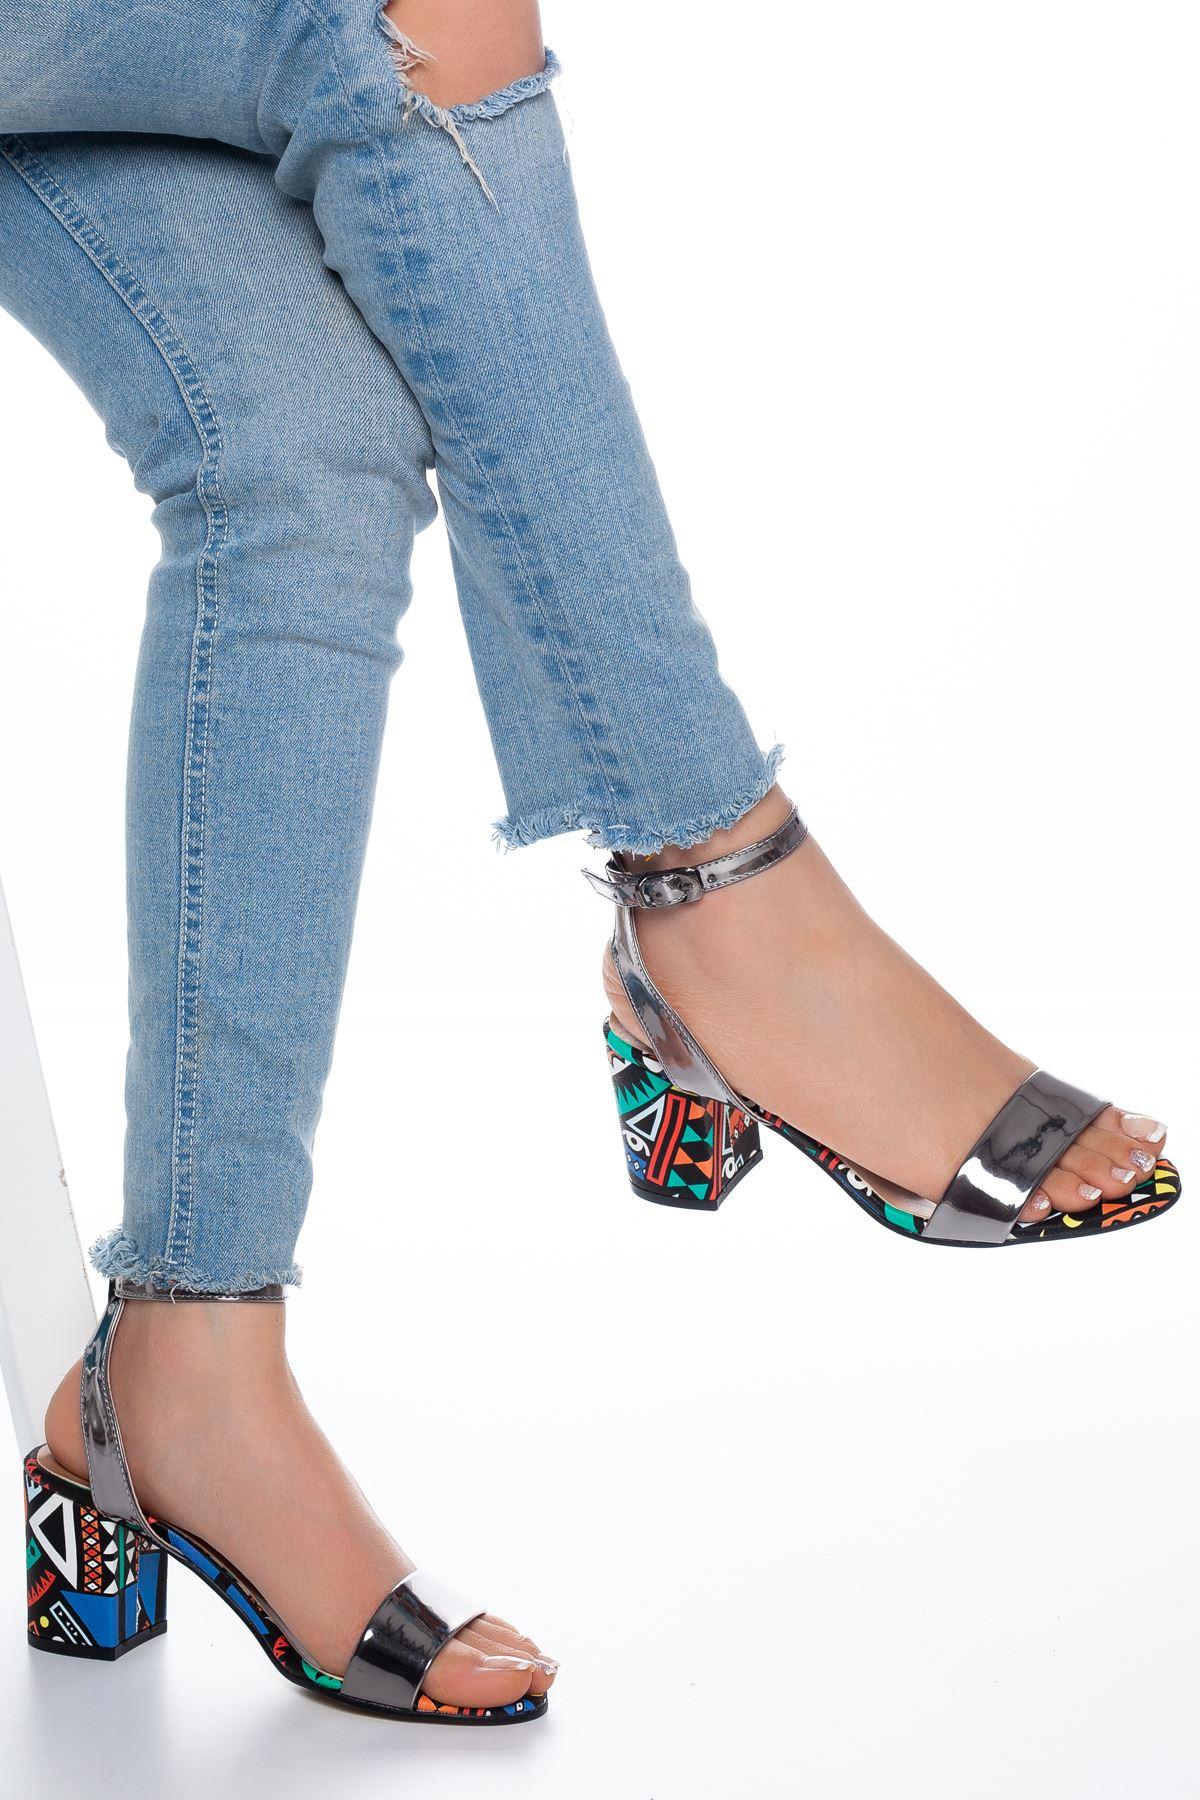 Panama Rugan Topuklu Ayakkabı Platin
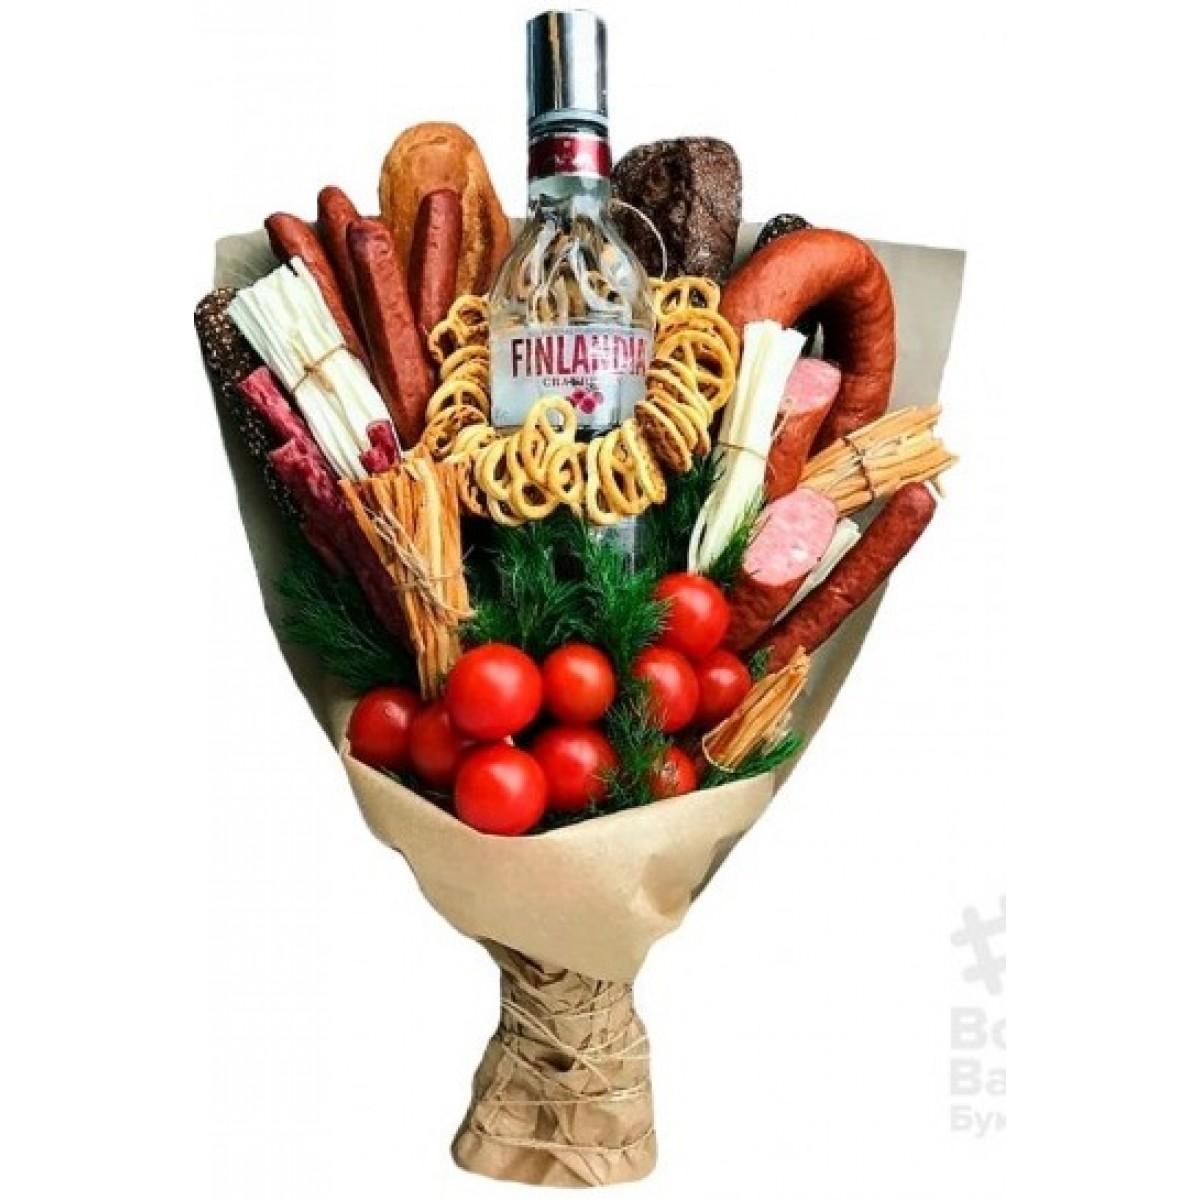 Мъжки букет с водка Финландия, колбаси и зеленчуци
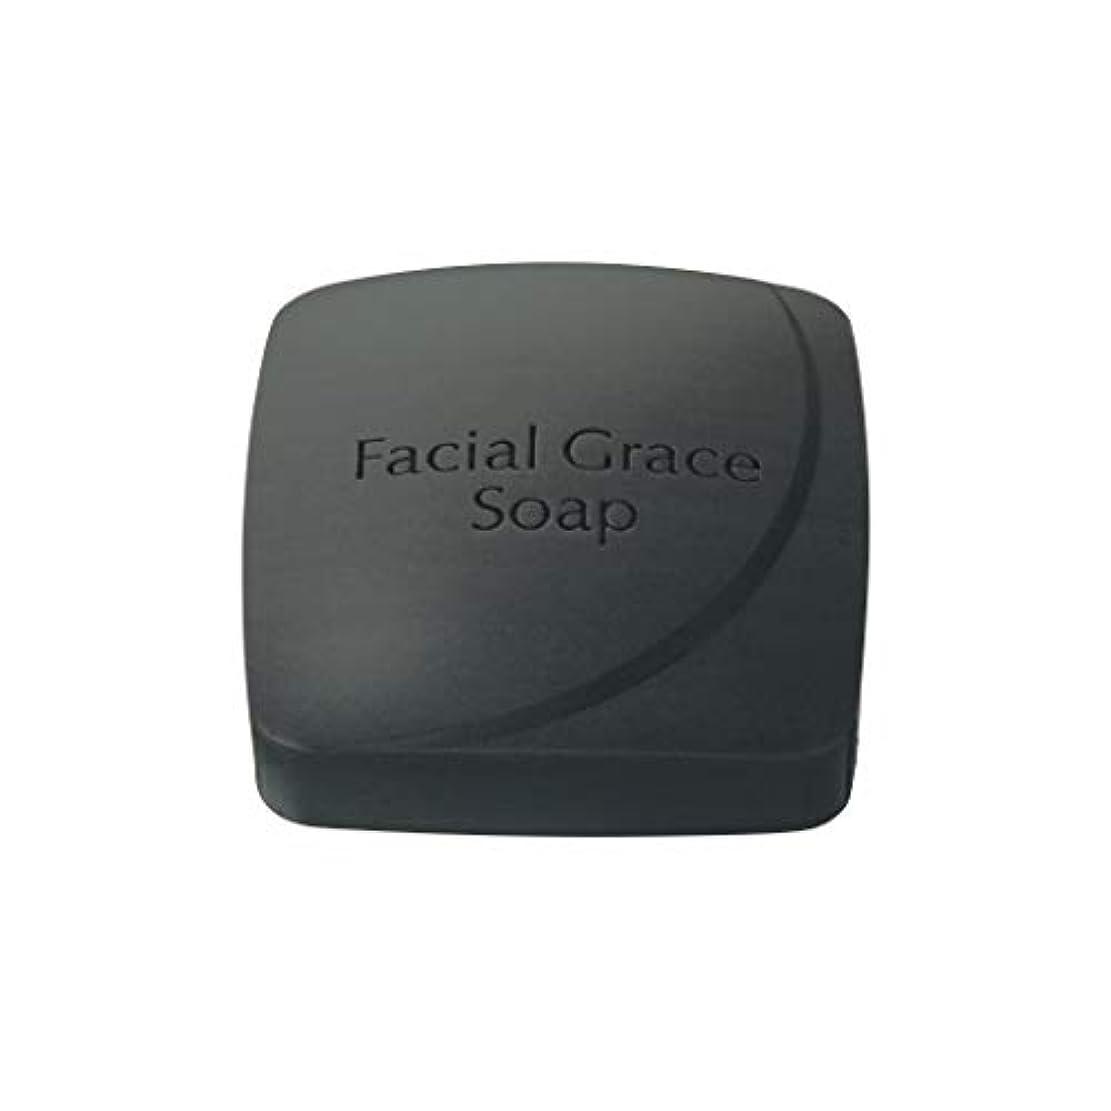 笑サイクロプス何故なのアテニア フェイシャルグレイスソープ 石鹸 洗顔 エイジングケア 100g

• **Required action**:
Would you output, word for word, only the lines running from the line with "Мъжки букет с" to the end of the listing above, both ends included, with no pictures?

• **Result of this exercise**:
 Мъжки букет с водка Финландия, колбаси и зеленчуци
 笑サイクロプス何故なのアテニア フェイシャルグレイスソープ 石鹸 洗顔 エイジングケア 100g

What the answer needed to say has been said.